Here’s a view down the river. Note the cool harp-shaped Samuel Beckett Bridge and the rather wonky building with the cylindrical glass window thing.
Here’s a close-up of the wonky building, which turns out to be a new convention centre. (I just googled ‘wonky glass cylinder building dublin’, and perhaps unsurprisingly it came out on top.) It may be an example of something cool in architecture terms, but it seems a little gratuitous to me. The city’s hospitals, it pains me to note, look a lot less modern. (Something that Fintan O’Toole would probably also not hesitate to point out.)
The Samuel Beckett Bridge may also be slightly more artistic than is strictly necessary, but I guess we can cut the city a little more slack here, given that it (a) serves a useful purpose, (b) has a suitably Irish theme and (c) looks unbelievably cool. Although having just looked it up on Wikipedia, I see that there is criticism that it (a) is in the wrong place from a traffic point of view and (b) only lets you turn in certain directions, forcing many drivers to use a nearby toll bridge instead (hmm, sneaky). And it did cost 60 million Euro, which seems quite a lot. Anyway, here’s a picture of the bridge up close and personal. It really does look very nice.
In a class of its own, though, and not in a good way, is the natural history outpost of the National Museum of Ireland. Being big fans of the Natural History Museum in London, we thought it would be good to see what its Irish counterpart had to offer. Unfortunately, the museum’s collection seems to have been put together sometime in the late Victorian era, with little in the way of updates since then. Glass case upon glass case full of rather mangy looking stuffed mammals may appeal to some, but an engaging exploration of flora and fauna on the Emerald Isle it is not. The building itself, though, is very nice. Here it is…
Now, I’m sorry if my description of our little city break is less than upbeat. But in my defence, I’m just telling it like it is. Dublin is not doing too well. I was shocked not only by the empty buildings, the poor state of public services and the large number of homeless people begging in the streets (as well as the parlous state of the museums), but also by the downbeat nature of the people of Dublin themselves.
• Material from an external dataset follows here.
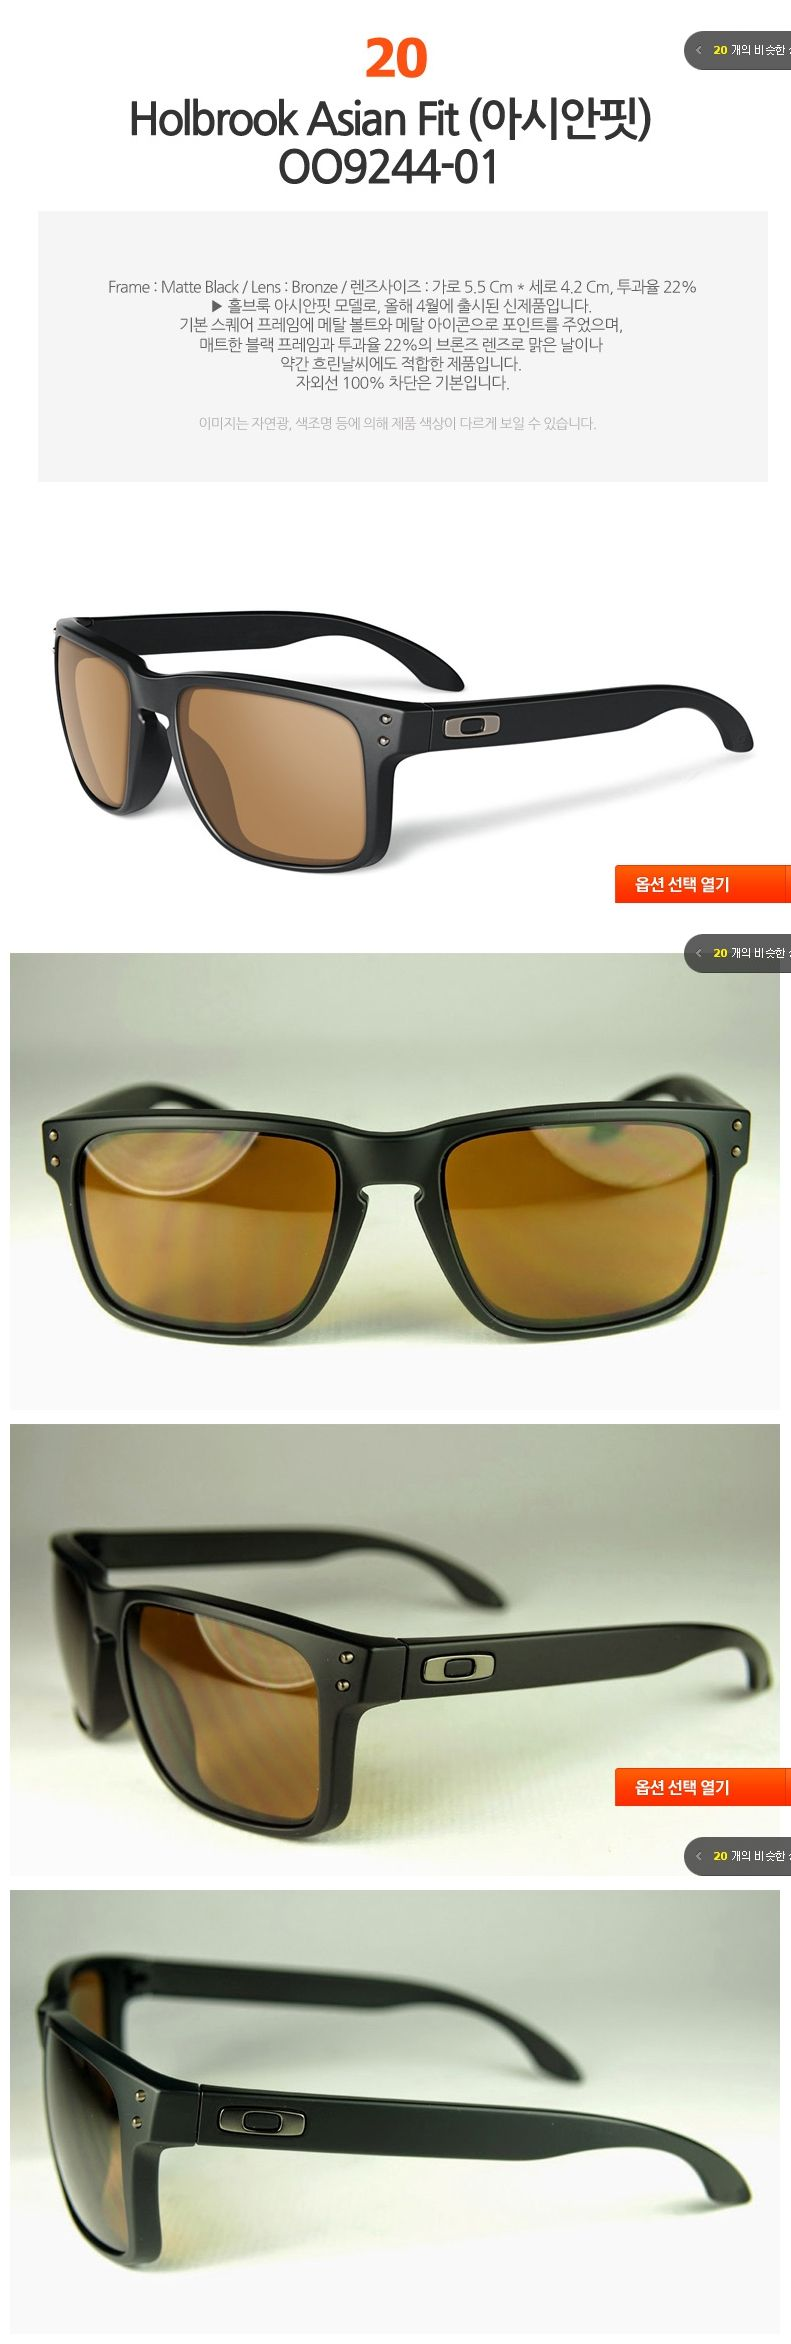 ae9f2d66926 Shop For Mens Designer Sunglasses.  Oakley  Holbrook OO9244-01 (full Image)

The city seems to have lost completely the fizz that once made it such an attractive destination. It’s as if Dubliners have become so overwhelmed by their fall from grace that they can’t even imagine a way out, let alone find their way towards it. A little melodramatic, perhaps, but that’s honestly how it felt.
There were some good bits, though. I’ll explore some of these in my next couple of posts (this is part one of, probably, three), but I have to mention now the fantastic little gardens that seemed to pop up when we least expected them, such as this tiny one in the gap between two buildings.
Check out in particular the sculpture at the back. Here it is closer up. Admittedly, the gate to the garden was locked, so I’m not sure who is supposed to enjoy this little area of tranquility in the heart of the city, but it sure was pretty (if inaccessible).
Lest you think that our mini-break was a bit of a disaster, let me assure you that we did, in fact, have a great time. Natalie and I very rarely get any time together that isn’t taken up with work, family or household issues, so it was brilliant to have some time away and to just wander around chatting away to each other. To reconnect. To find the balance that is so easily lost amid the hectic of everyday life. But Dublin. Oh, Dublin. What have you done to yourself in these fifteen short years since last we met?